Records excerpted from a collection »
-----
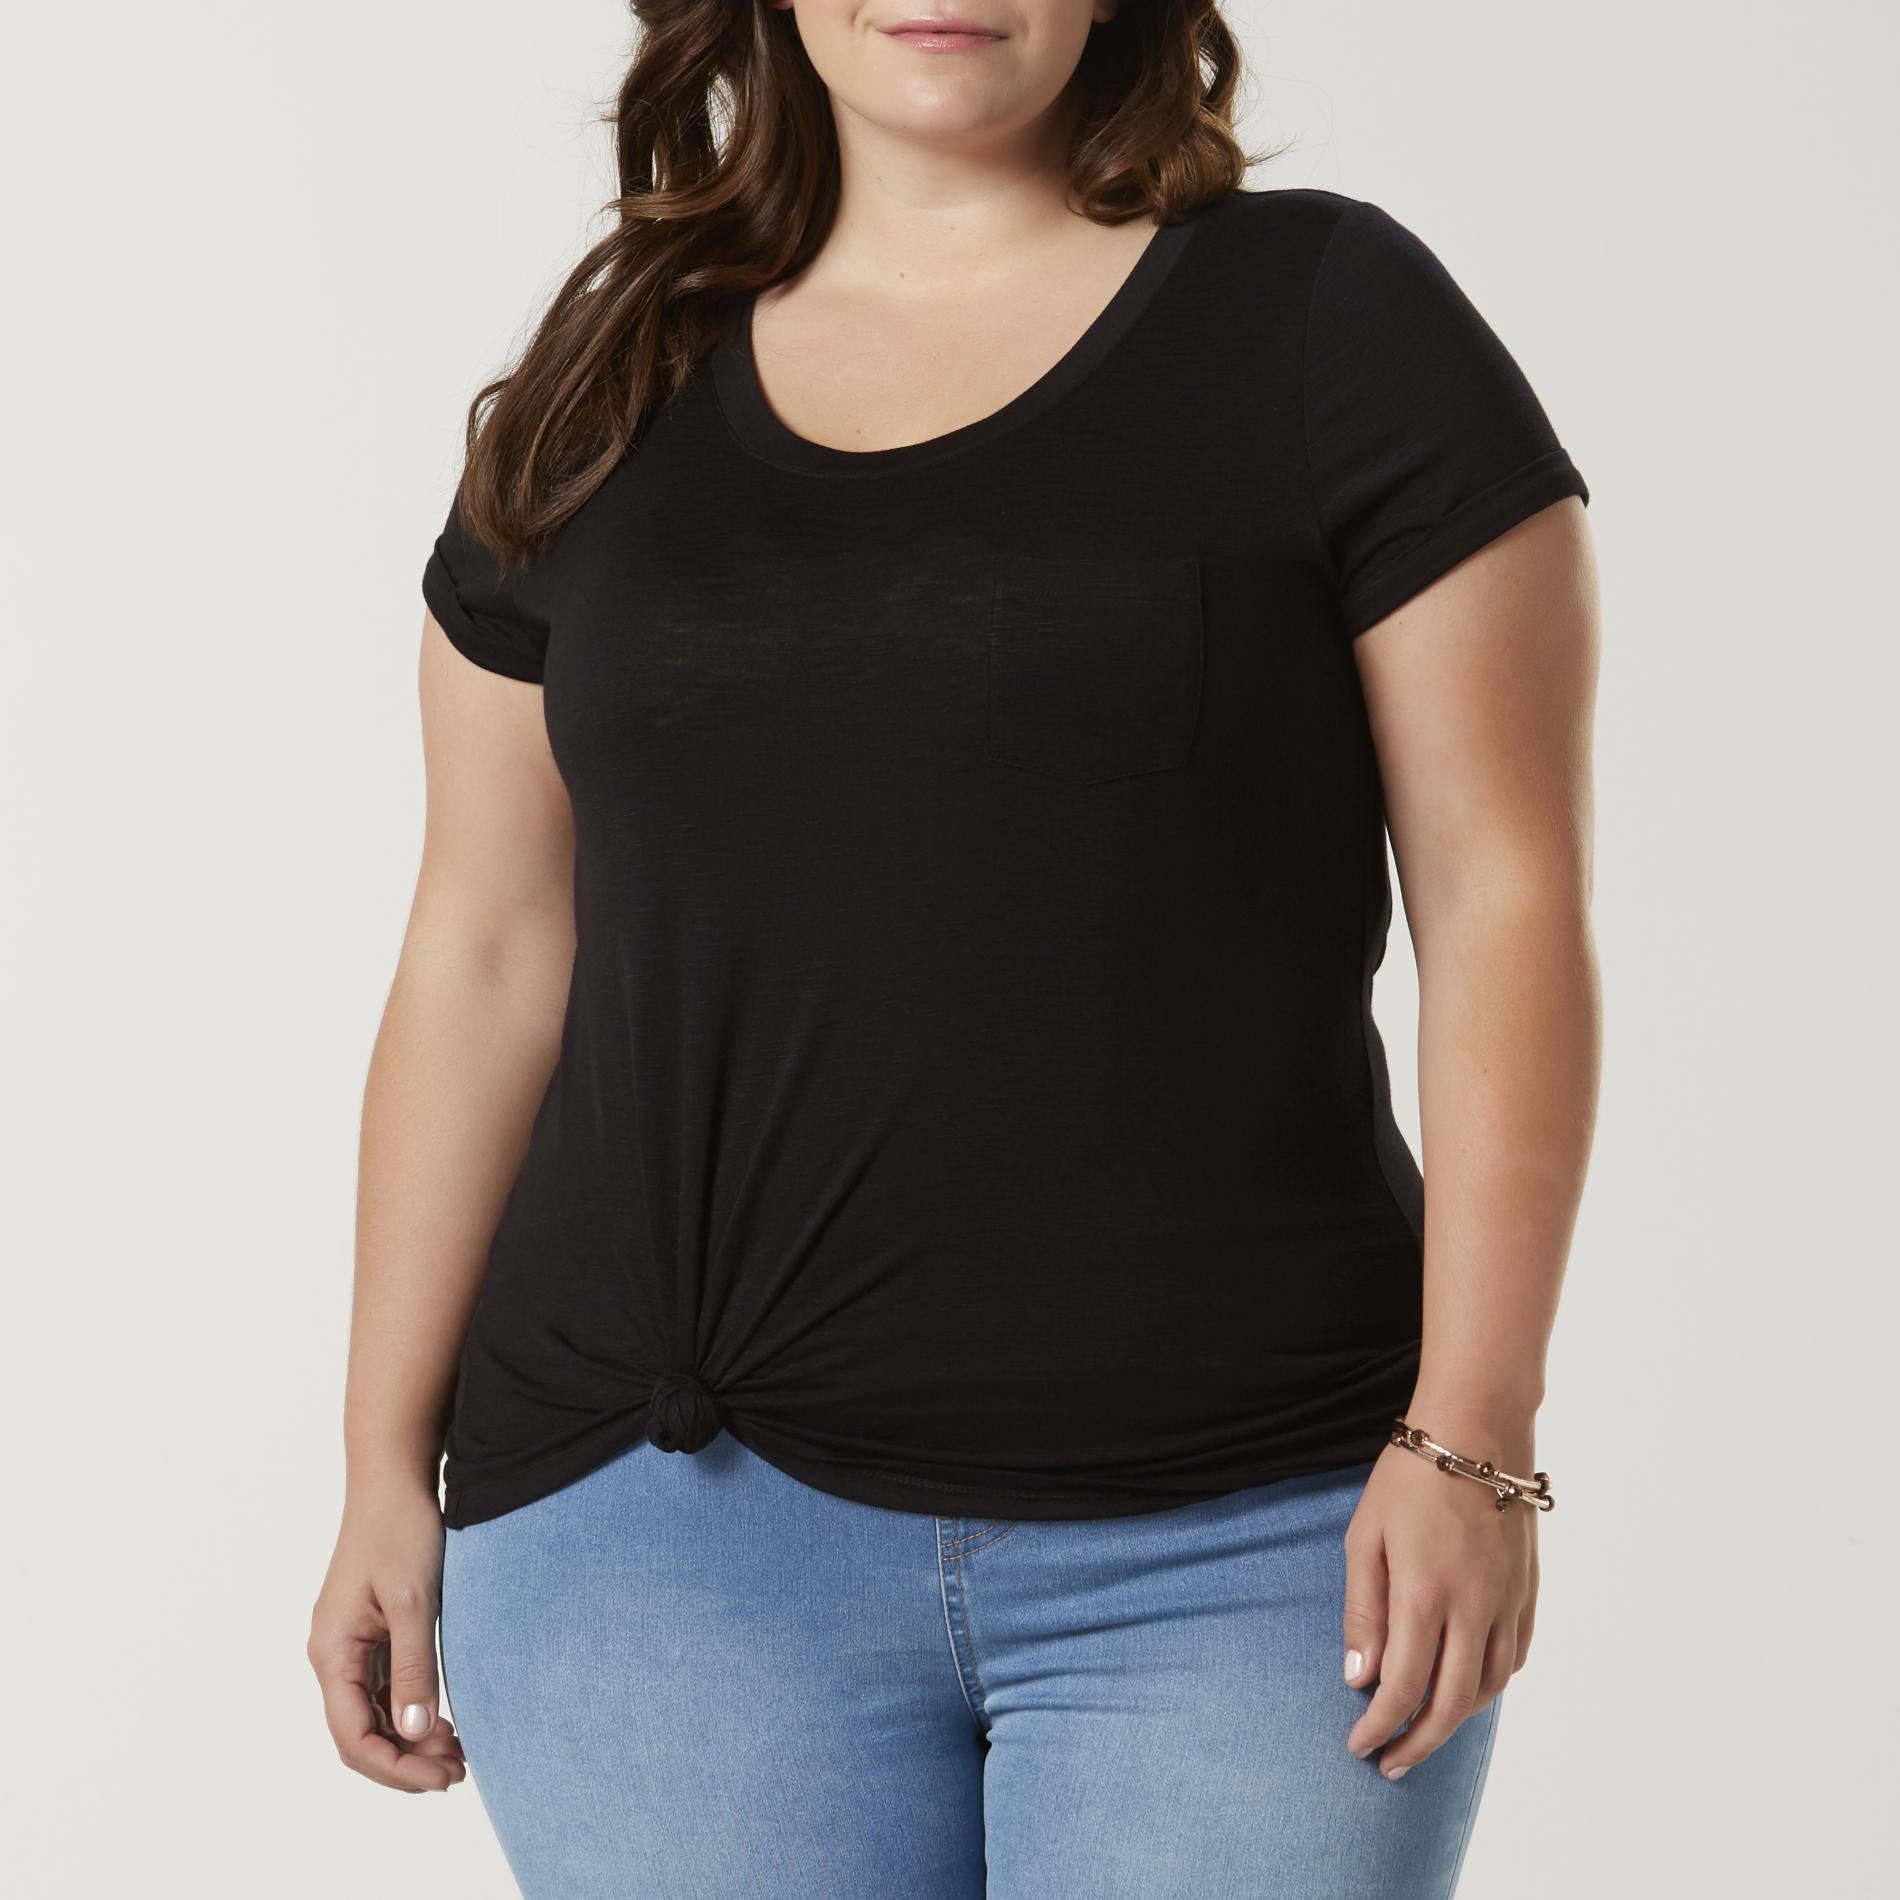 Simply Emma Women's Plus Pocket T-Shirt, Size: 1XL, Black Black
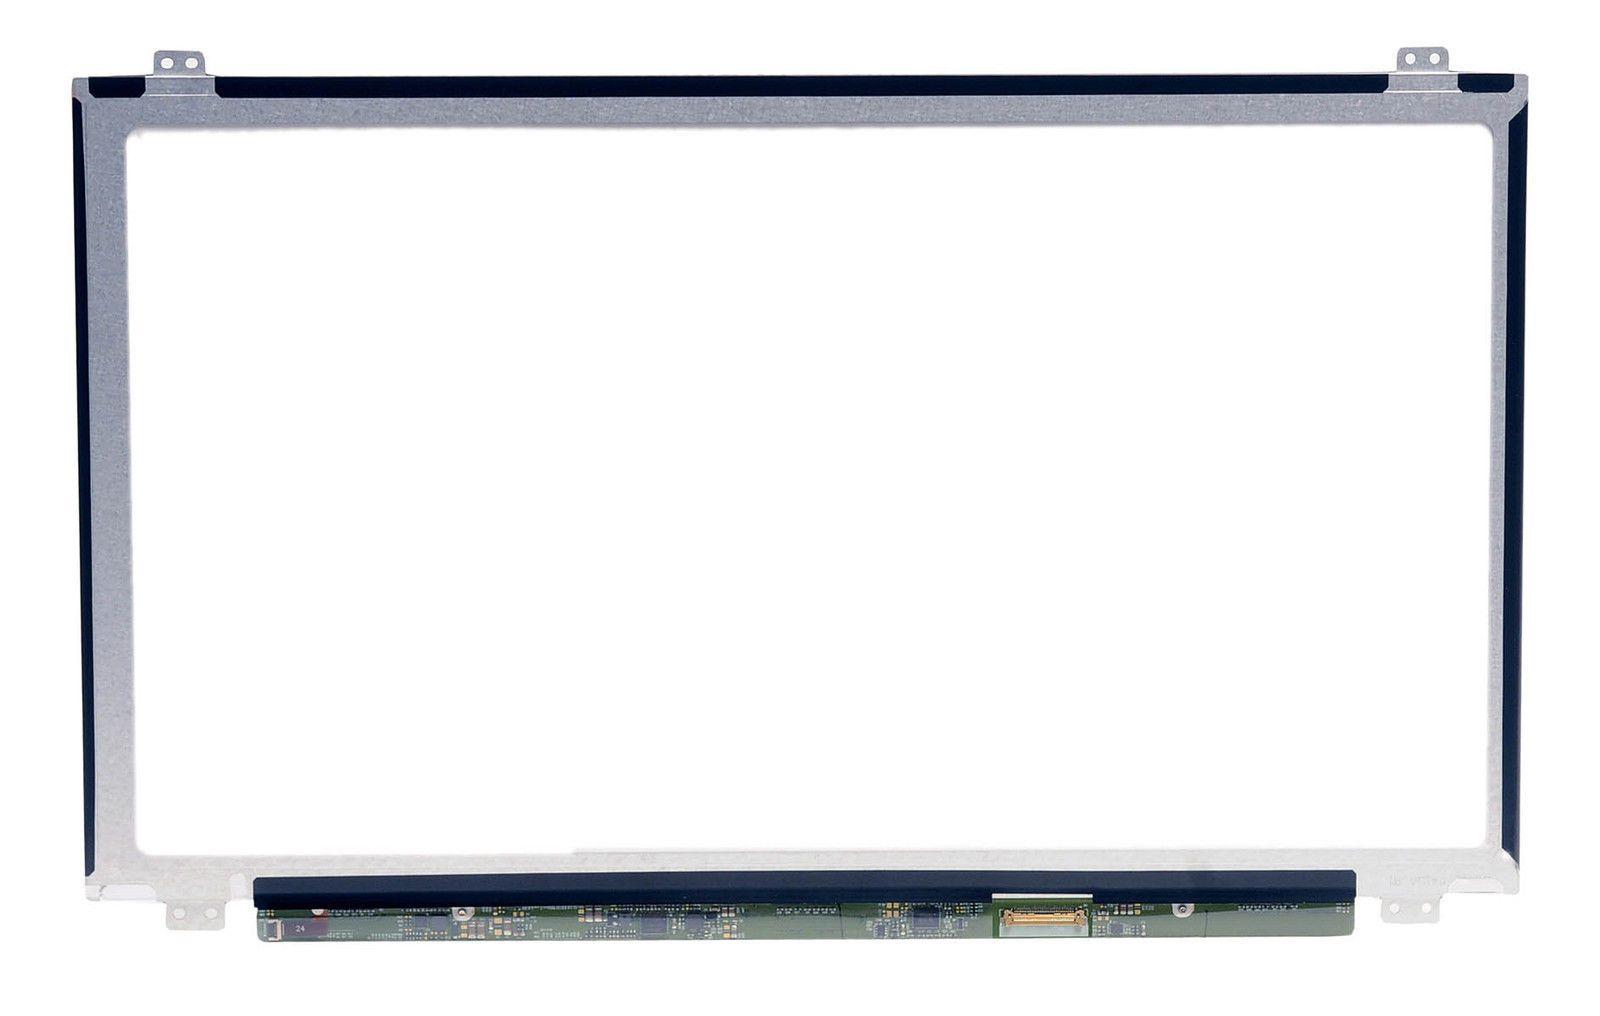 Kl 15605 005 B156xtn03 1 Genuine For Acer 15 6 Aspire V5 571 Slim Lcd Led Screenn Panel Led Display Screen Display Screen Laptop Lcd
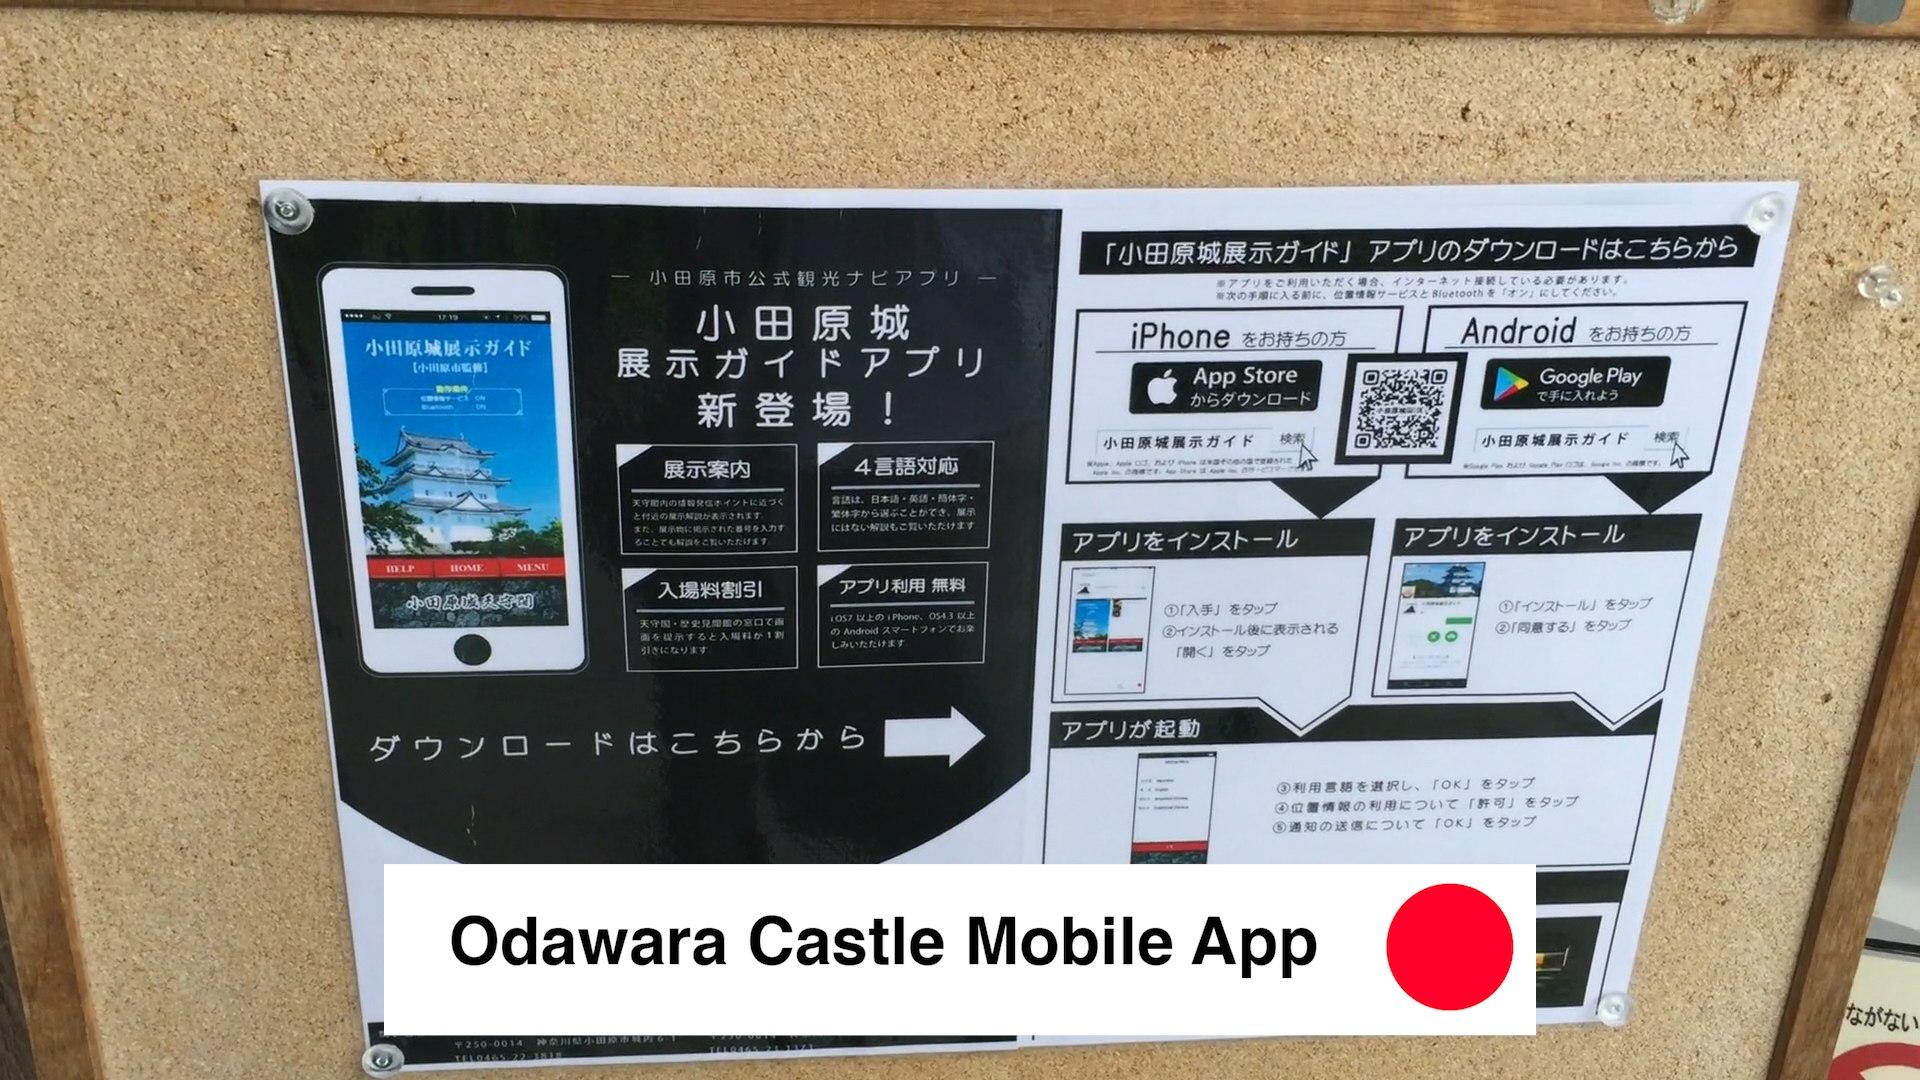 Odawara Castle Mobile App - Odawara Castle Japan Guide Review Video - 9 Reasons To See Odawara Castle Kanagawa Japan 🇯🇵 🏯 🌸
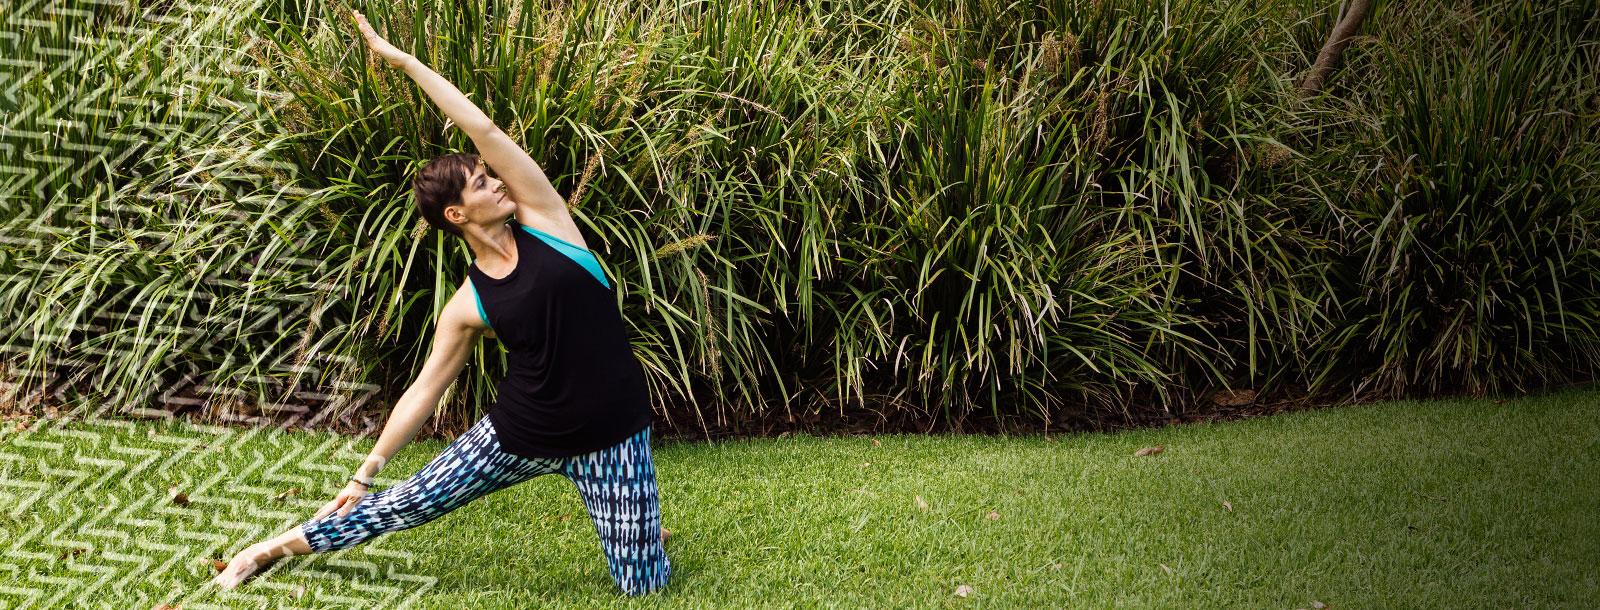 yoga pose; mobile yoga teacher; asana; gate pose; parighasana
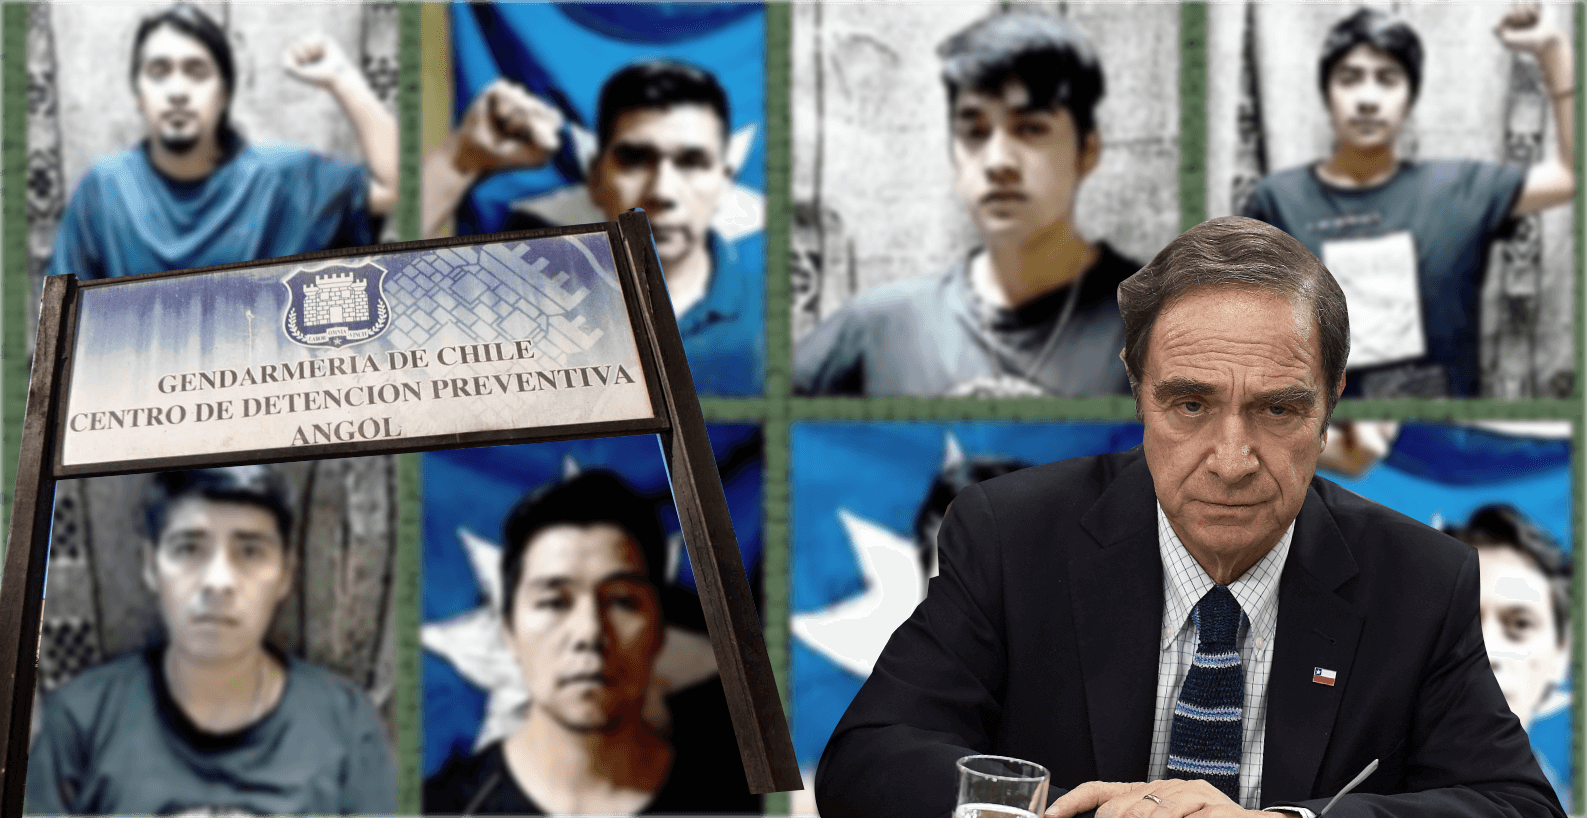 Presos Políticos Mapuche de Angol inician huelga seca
-----
Problem statement »
Exclude the pictures and transcribe all of the entries exactly.

Solution to this problem »
 Simply Emma Women's Plus Pocket T-Shirt, Size: 1XL, Black Black
 Kl 15605 005 B156xtn03 1 Genuine For Acer 15 6 Aspire V5 571 Slim Lcd Led Screenn Panel Led Display Screen Display Screen Laptop Lcd
 Odawara Castle Mobile App - Odawara Castle Japan Guide Review Video - 9 Reasons To See Odawara Castle Kanagawa Japan 🇯🇵 🏯 🌸
 yoga pose; mobile yoga teacher; asana; gate pose; parighasana
 Presos Políticos Mapuche de Angol inician huelga seca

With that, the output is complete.